For whom they like to see whole code, please refer to this address: http://codepaste.net/4ucvsw it is not perfect but I am working on it.
Question 4: The code guide says :
Because the fastest way to search for a particular item is to use a
binary search, you must ensure that the items in the collection are in
sorted order at all times. This won't be as hard to achieve as it may
seem. When you insert a new item, you can assume the array you are
inserting it into is already sorted. So all you need to do is find the
position in the array where the new item belongs, shift everything
greater than the new item one slot to the right, and insert the new
item. This is called insertion sort.
Here is the sort method logic. I am needed to make binary search to find where a new item belongs to so I can insert the new item in that place and move the other one slot to the right.
But I am not really sure how binary search will work for me here since I am not really sure what I need to find. I am given the item to add not the item to find. Instead what I think is to compare each element with the one I need to add and when I find the last smaller and first greater item, then I will get the first greater item's index, move them to the right and add new item at the index.
Question 3:
The fact is that every collection works with a predefined comparator, which is implicitly defined on the E, so that every class that will be used to concretize the type parameter E should implement Comparable<E>. The compare method you are looking for natural ordering is the method
int compareTo(E other)
that must be implemented by the classes that you are going to use with your data structure. Since your work is not related to defining classes to be used with your collection but just the collection itself what you are going to do it to have
public class MySortedSet<E> ... {
private Comparator<? super E> _comparator;
public int innerCompare(E e1, E e2)
{
if (_comparator != null)
return _comparator.compare(e1,e2);
else
return e1.compareTo(e2);
}
...
So that you'll use a custom comparator when provided, the natural one otherwise.
Both Comparable and Comparator work by following the same principle but the first one, as the name states, is attached to a data class, so that it is its natural comparator. The latter, instead, is used because it allows you to define a custom way to sort elements which would be sorted in a different way according to natural ordering.
Question 4:
What it means is that, under the assumption of having a sorted array, you just must keep this constraint valid after every insertion and you will be allowed to do binary search when looking for items.
You must focus just on placing the elements at correct index (the item you have to add). The part of the statement related to finding elements must be interpreted in the following way:
if you take care of keeping your array sorted, that can be done by ensuring that every element you add is placed in right position (eg with insertion sort), then you can apply binary search on the array when looking if an element is contained in the set.

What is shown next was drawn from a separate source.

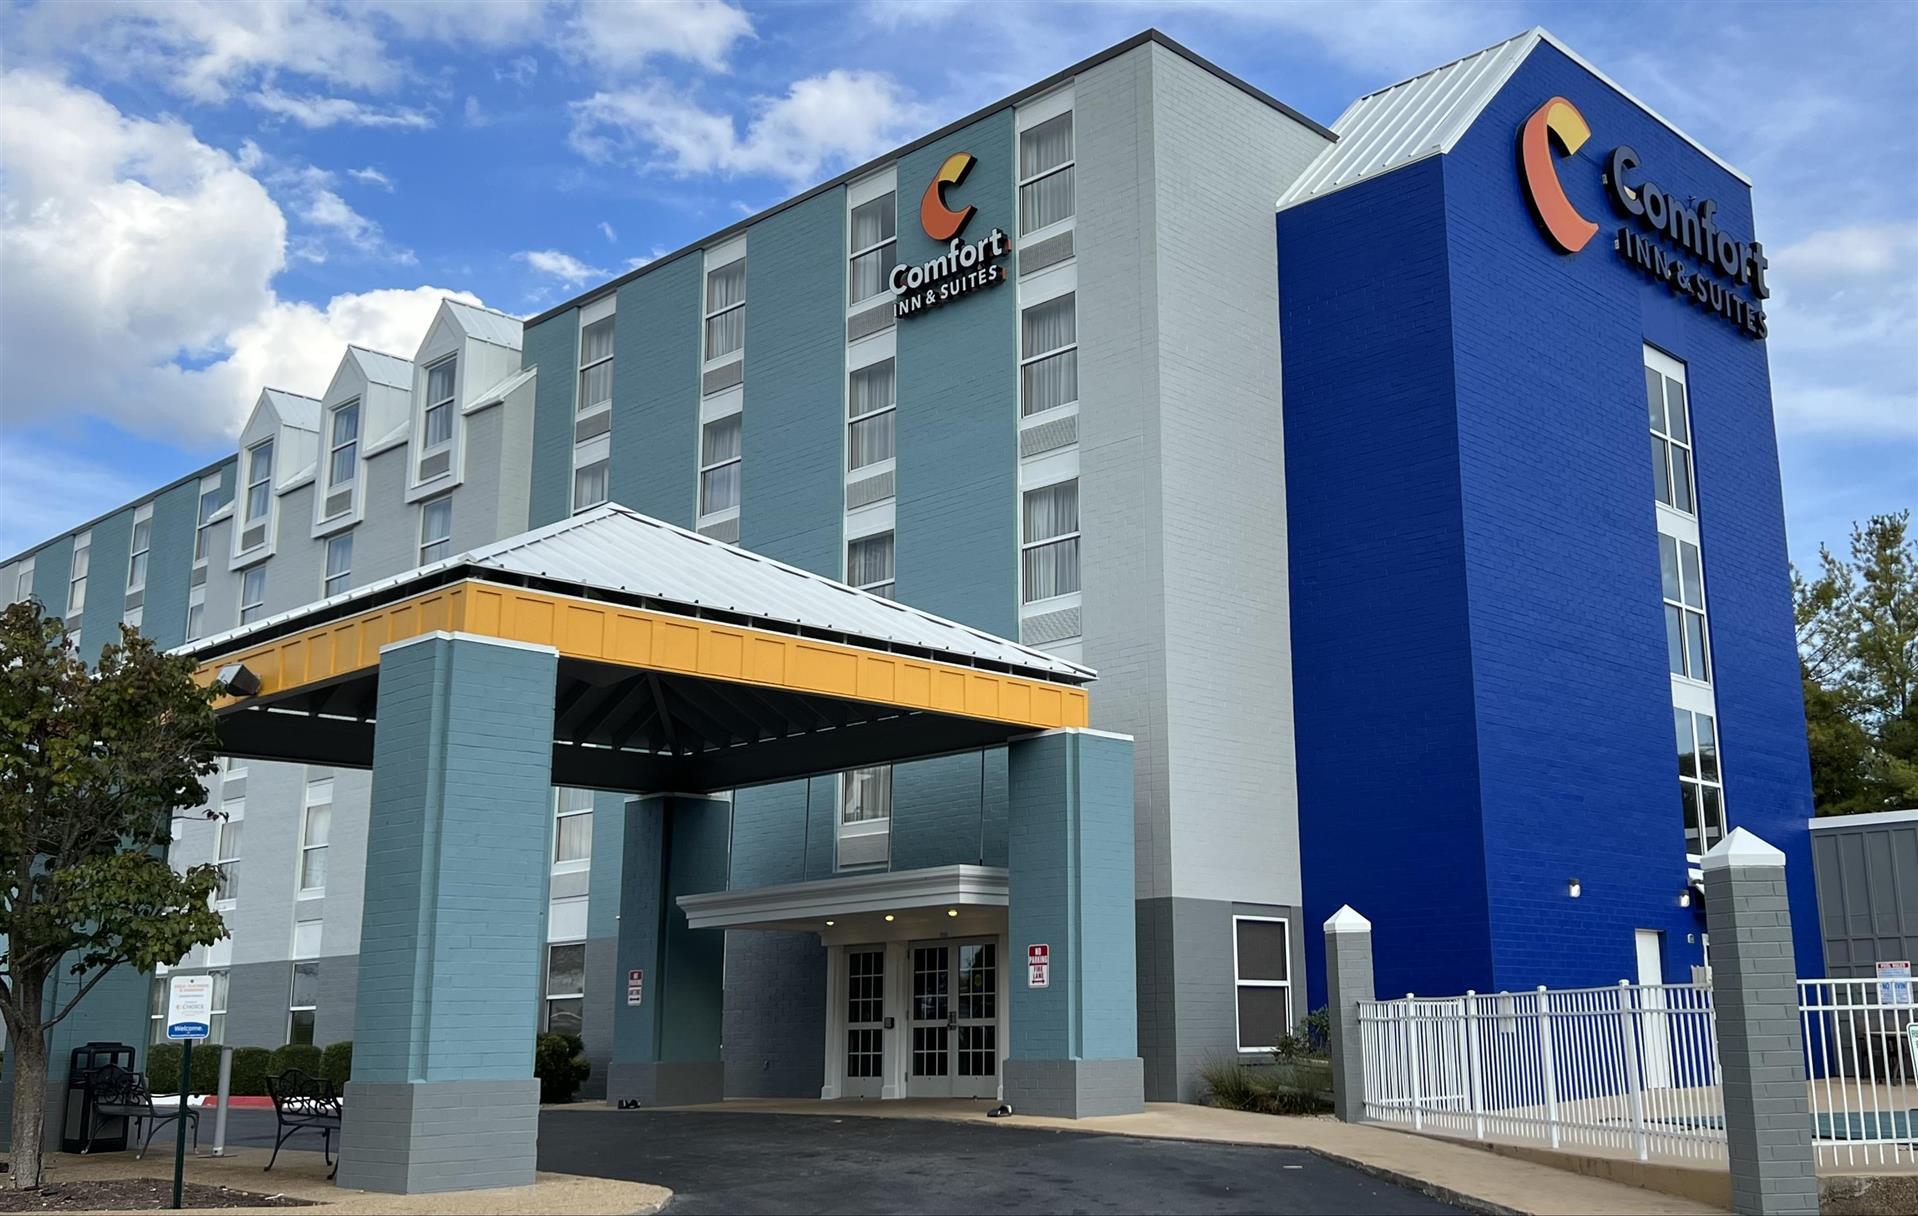 Comfort Inn and Suites Staunton in Staunton, VA

This is true because, if the array is sorted, you can be sure that looking at the middle element of a section of the array will always point you to the right direction to see if another element is indeed contained in the list.
EG:
1, 2, 6, 11, 21, 30, 45
You need to check for 2, you can take element at index size()/2 = 3, which is 11. Since your already know that the array is sorted and 2 < 11 you can just do the same thing recursively on the left half and so on.
Answer 3:
"Natural ordering" means that the elements must implement Comparable so that they can be compared without the use of a Comparator. The tricky part about giving the caller a choice between Comparable elements and a Comparator is that you can't do compile time checking to make sure they fulfilled at least one of these requirements.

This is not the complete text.